• Home
  • About Us
  • Contact Us
  • Disclaimer
  • Privacy Policy
Tuesday, July 15, 2025
newsaiworld
  • Home
  • Artificial Intelligence
  • ChatGPT
  • Data Science
  • Machine Learning
  • Crypto Coins
  • Contact Us
No Result
View All Result
  • Home
  • Artificial Intelligence
  • ChatGPT
  • Data Science
  • Machine Learning
  • Crypto Coins
  • Contact Us
No Result
View All Result
Morning News
No Result
View All Result
Home Machine Learning

Gaussian Naive Bayes, Defined: A Visible Information with Code Examples for Learners | by Samy Baladram | Oct, 2024

Admin by Admin
October 12, 2024
in Machine Learning
0
1tqvz91e05rbiwmd7xwdrla.png
0
SHARES
0
VIEWS
Share on FacebookShare on Twitter

READ ALSO

Accuracy Is Lifeless: Calibration, Discrimination, and Different Metrics You Really Want

AI Brokers Are Shaping the Way forward for Work Job by Job, Not Job by Job


CLASSIFICATION ALGORITHM

Bell-shaped assumptions for higher predictions

Samy Baladram

Towards Data Science

⛳️ Extra CLASSIFICATION ALGORITHM, defined:
· Dummy Classifier
· Ok Nearest Neighbor Classifier
· Bernoulli Naive Bayes
▶ Gaussian Naive Bayes
· Resolution Tree Classifier
· Logistic Regression
· Help Vector Classifier
· Multilayer Perceptron (quickly!)

Constructing on our earlier article about Bernoulli Naive Bayes, which handles binary knowledge, we now discover Gaussian Naive Bayes for steady knowledge. Not like the binary strategy, this algorithm assumes every characteristic follows a traditional (Gaussian) distribution.

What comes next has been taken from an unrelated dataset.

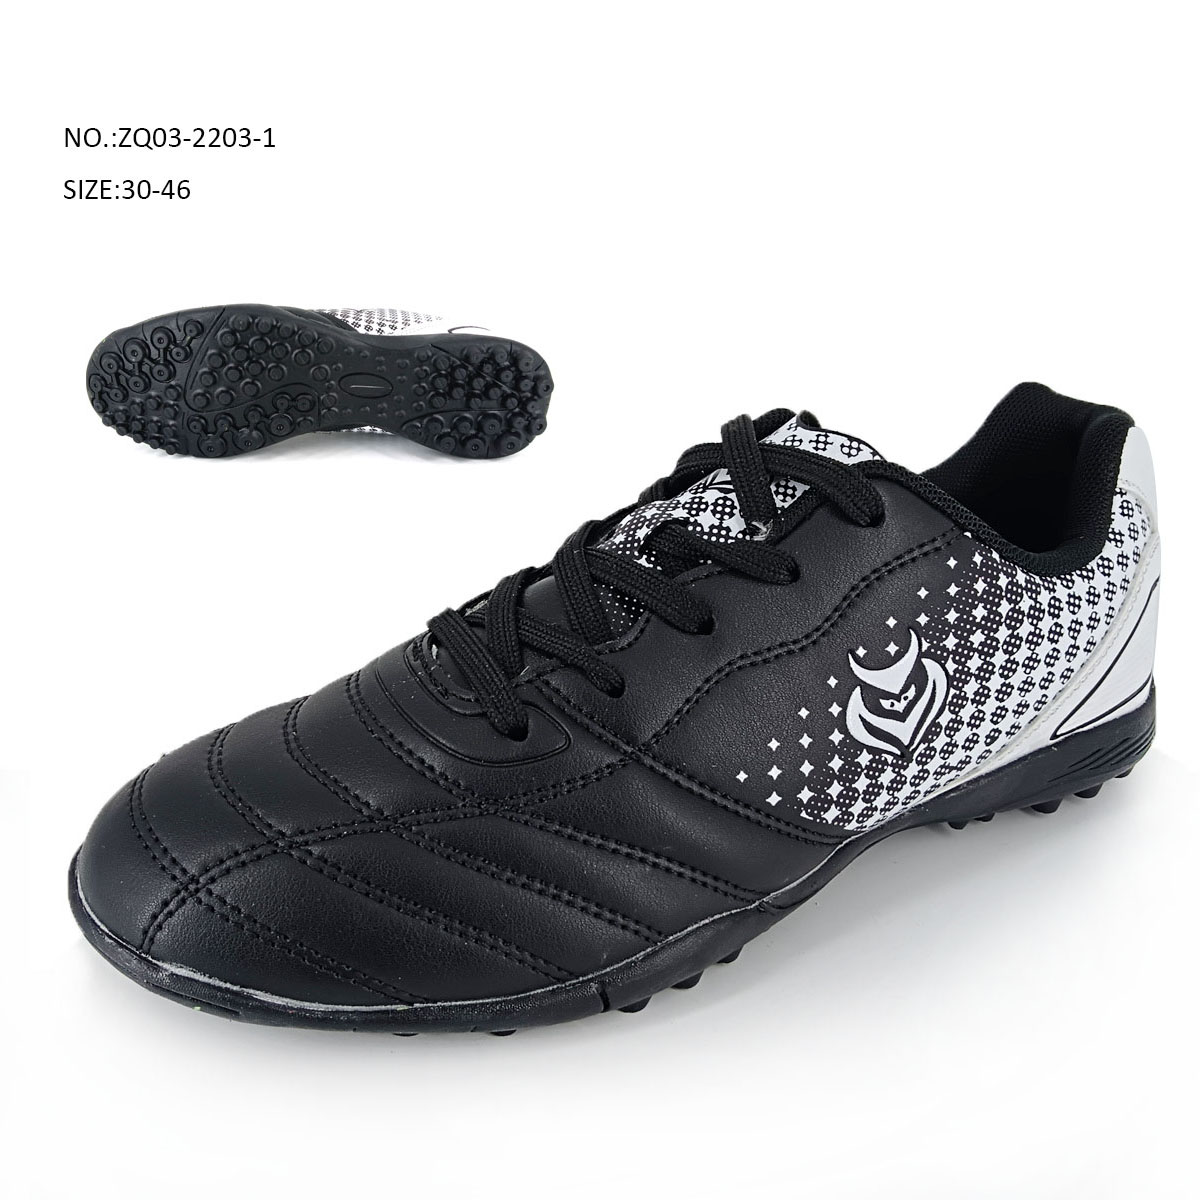 High quality football nail indoor general training shoes 1. ITEM...

Right here, we’ll see how Gaussian Naive Bayes handles steady, bell-shaped knowledge — ringing in correct predictions — all with out entering into the intricate math of Bayes’ Theorem.

All visuals: Creator-created utilizing Canva Professional. Optimized for cell; could seem outsized on desktop.

Like different Naive Bayes variants, Gaussian Naive Bayes makes the “naive” assumption of characteristic independence. It assumes that the options are conditionally unbiased given the category label.

Nonetheless, whereas Bernoulli Naive Bayes is suited to datasets with binary options, Gaussian Naive Bayes assumes that the options observe a steady regular (Gaussian) distribution. Though this assumption could not all the time maintain true in actuality, it simplifies the calculations and infrequently results in surprisingly correct outcomes.

Bernoulli NB assumes binary knowledge, Multinomial NB works with discrete counts, and Gaussian NB handles steady knowledge assuming a traditional distribution.

All through this text, we’ll use this synthetic golf dataset (made by writer) for example. This dataset predicts whether or not an individual will play golf based mostly on climate situations.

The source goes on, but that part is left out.